This is the official record of Union troop movements during the 1865 raid of General George Stoneman. This excerpt from the section on the raid deals specifically with the movement of troops in Surry County, and what they encountered. The excerpt details the troops' stops in Elkin and Mount Airy, and it relates several other accounts of their interactions with locals. One such account is the use of cotton mills in Elkin (called Elfin in the record) by Palmer to grind food meal. Another account is the pursuit of a wagon train carrying Confederate supplies out of Mount Airy. This record provides a wealth of knowledge despite it not being as comprehensive as other sources.

Creator

Government Printing Office

Source

The War of the Rebellion: A Compilation of the Official Records of the Union and Confederate Armies, Series I, Volume XLIX, Part I (Washington: Government Printing Office, 1897), 326-332.

Date

1897-XX-XX

Contributor

Jacob Simpson

Type

Document

Coverage

Surry County, North Carolina
Jonesville, North Carolina
Elkin, North Carolina
Dobson, North Carolina
Mount Airy, North Carolina

Original Format

Government Document

Text

29th, marched thirty miles, and encamped near Wilkesboro, NC., at 7 p. 30th, moved at 5 a. m, and joined First Brigade, which had taken a different route across the mountains from Boone; the First Brigade forded the Yadkin River, which was rising too fast for the balance of the command to follow. Went into camp at 12 m, having marched eleven miles. 31st, marched at 7 a.m. I opened communication by signal with Colonel Palmer, commanding First Brigade, transmitting the following messages:

 

[Received, No. 1.]

March 31, 1865 - 3.30 p. m.

Major Bascom, Assistant Adjutant General:

My command will go on from this position to Heckersons plantation, nine miles from here and six miles this side of Elfins Factory, unless I meet courier at Roaring River, three miles from here, or am stopped by a message through this signal station, at which I have left an orderly. My advanced command went out this morning has gone on to take the factory. No enemy to be seen this side of the river. The party who fired on my pickets last evening were bushwhackers.

W. J. PALMER,

Colonel, Commanding Brigade

 

[Sent, No. 2.]

March 31, 1865 - 5.45 p. m.

Col. W. J. PALMER, Commanding Brigade:

We are in camp. Our advance is at the signal station. Both brigades move to Jonesville to-morrow. You will more to and opposite that place tomorrow and encamp as near there as you can get forage.

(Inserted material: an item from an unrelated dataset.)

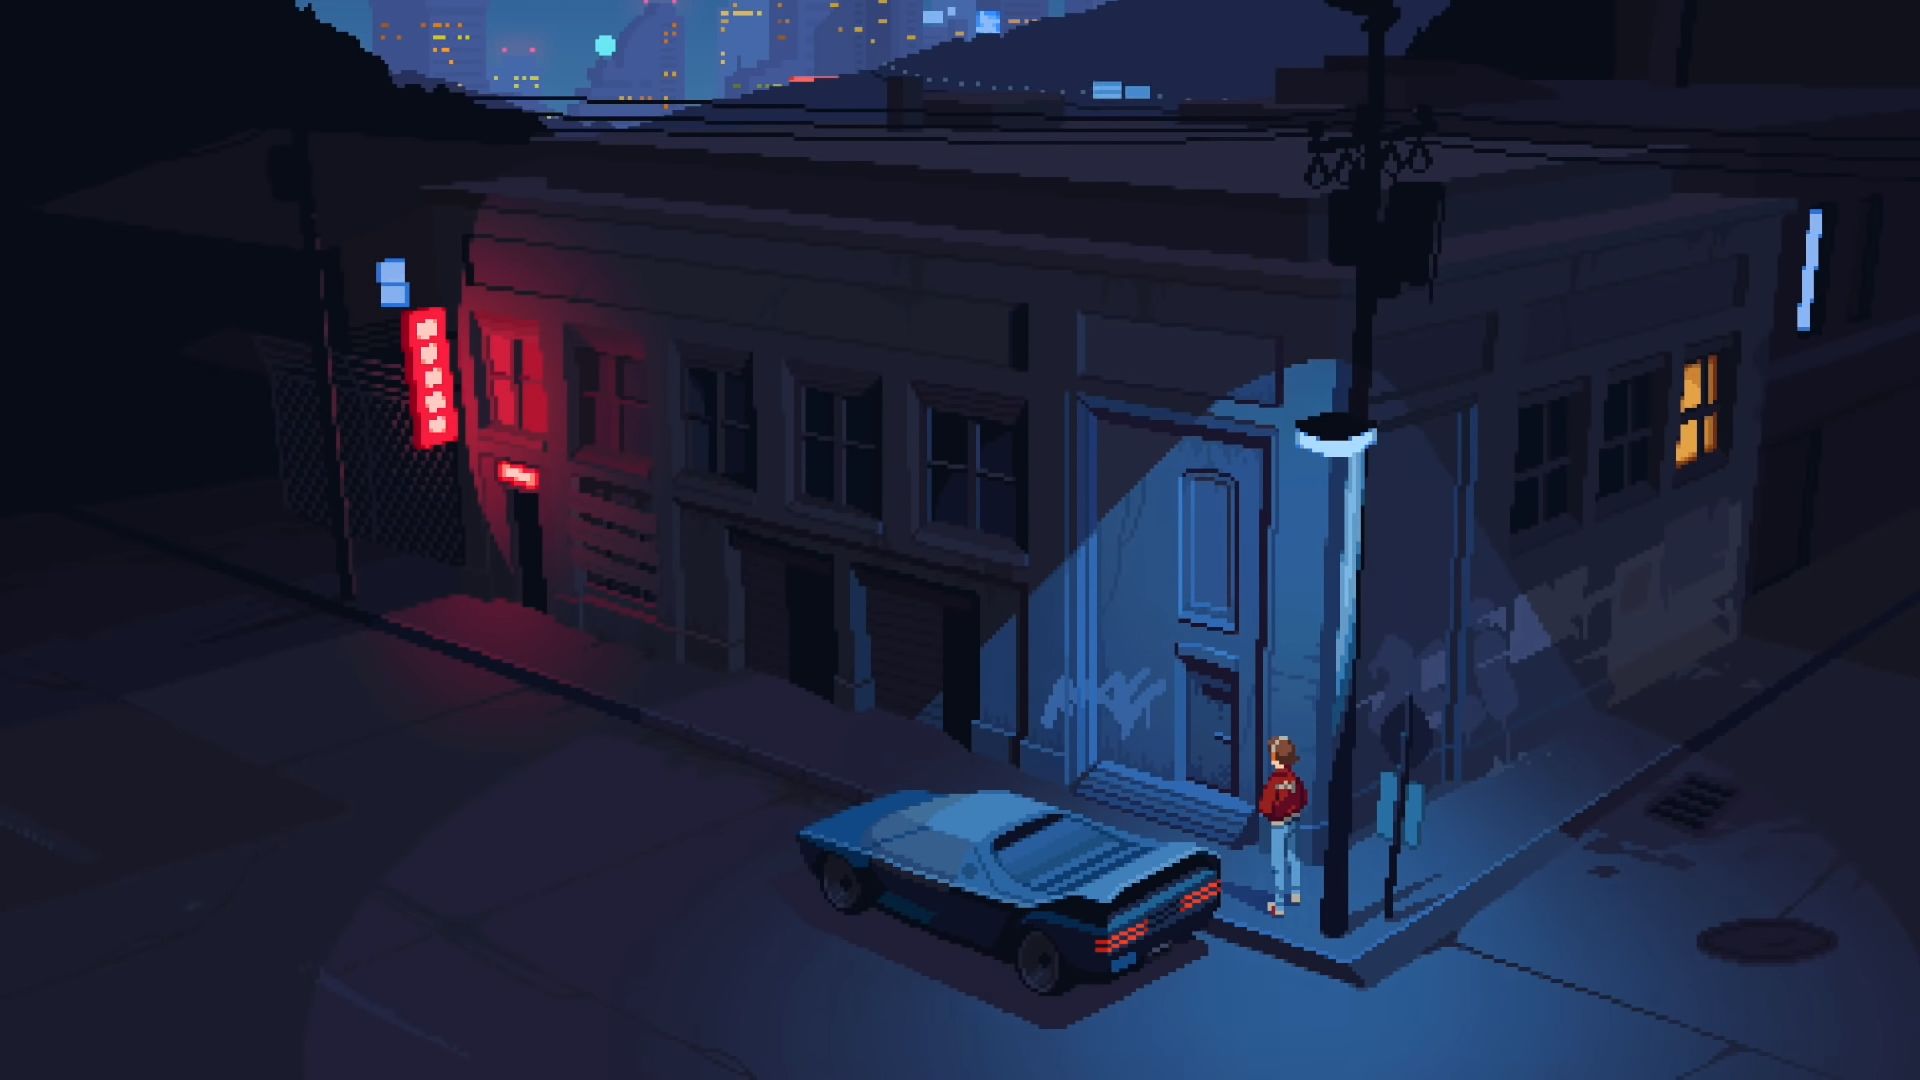 Release Date for PC and PS4 Versions of 198X Revealed

By command of Major-General Stoneman:

G. M. BASCOM.

Major and Assistant Adjutant-General.

 

[Received, No. 3.]

March 31, 1865 - 9 p. m.

If you wish it I can get horses and go with General Palmer in the morning, or I will come over and go with you. Palmer is just above here. Could not cross Roaring River.

RICE.

 

[Sent, No. 4.]

If possible go with Colonel Palmer.

MALLABY.

 

[Sent, No. 5.]

The boat is gone; can you get horses?

MALLABY.

 

[Received, No. 6.]

Colonel Palmer cannot tell about horses until morning.

RICE.

 

[Received, No. - .]

Have procured homes and am going with Colonel Palmer

RICE.

 

April 1, closed station at 7.30 a. m. Command. marched to Jonesville and went into camp at 12 m.; distance, fourteen miles. At 1 p. m. opened signal communication with Colonel Palmer at Elfin’s Mills, N.C.; transmitted the following messages:

 

[Received, No. 3.]

Elfin’s Mills April 1, 1865 - 1 p. m.

Captain Patterson, Acting Assistant Adjutant-General:

My brigade is now here and going into camp. I have three mills at work grinding meal. There are about 500 bales of cotton here.

W. J. PALMER,

Colonel, Commanding Brigade

 

[Sent, No. 4.]

Hdqrs. Cavalry Division of East Tennessee

Near Jonesville, April 1, [1865]

Col. W. J. Palmer, Commanding First Brigade, Cavalry Division.

Move with you command on the Rockford to-morrow, the 2d instant, at 7.30 a. m.

By command of Brigadier-General Gillem:

W. J. PATTERSON,

Captain and Acting Assistant Adjutant-General.

 

[Received, No. 5.]

April 1, [1865] - 2 p. m.

Captain Patterson, Acting Assistant Adjutant-General:

Will you move down on the other side of the river!

W. J. PALMER,

Colonel, Commanding Brigade

 

[Sent, No. 6.]

Headquarters Cavalry Division, District of East Tennessee

Near Jonesville, April 1, [1865] - 2.25 p. m.

Col. W. J. Palmer, Commanding Brigade.

You will move on the Rockford to-morrow. We will march on the south bank of the Yadkin.

By command of Brigadier-General Gillem:

W. J. PATTERSON,

Captain and Acting Assistant Adjutant-General.

 

[Sent, No. 7.]

Headquarters Cavalry Division, District of East Tennessee

Near Jonesville, April 1, [1865] - 9 p. m.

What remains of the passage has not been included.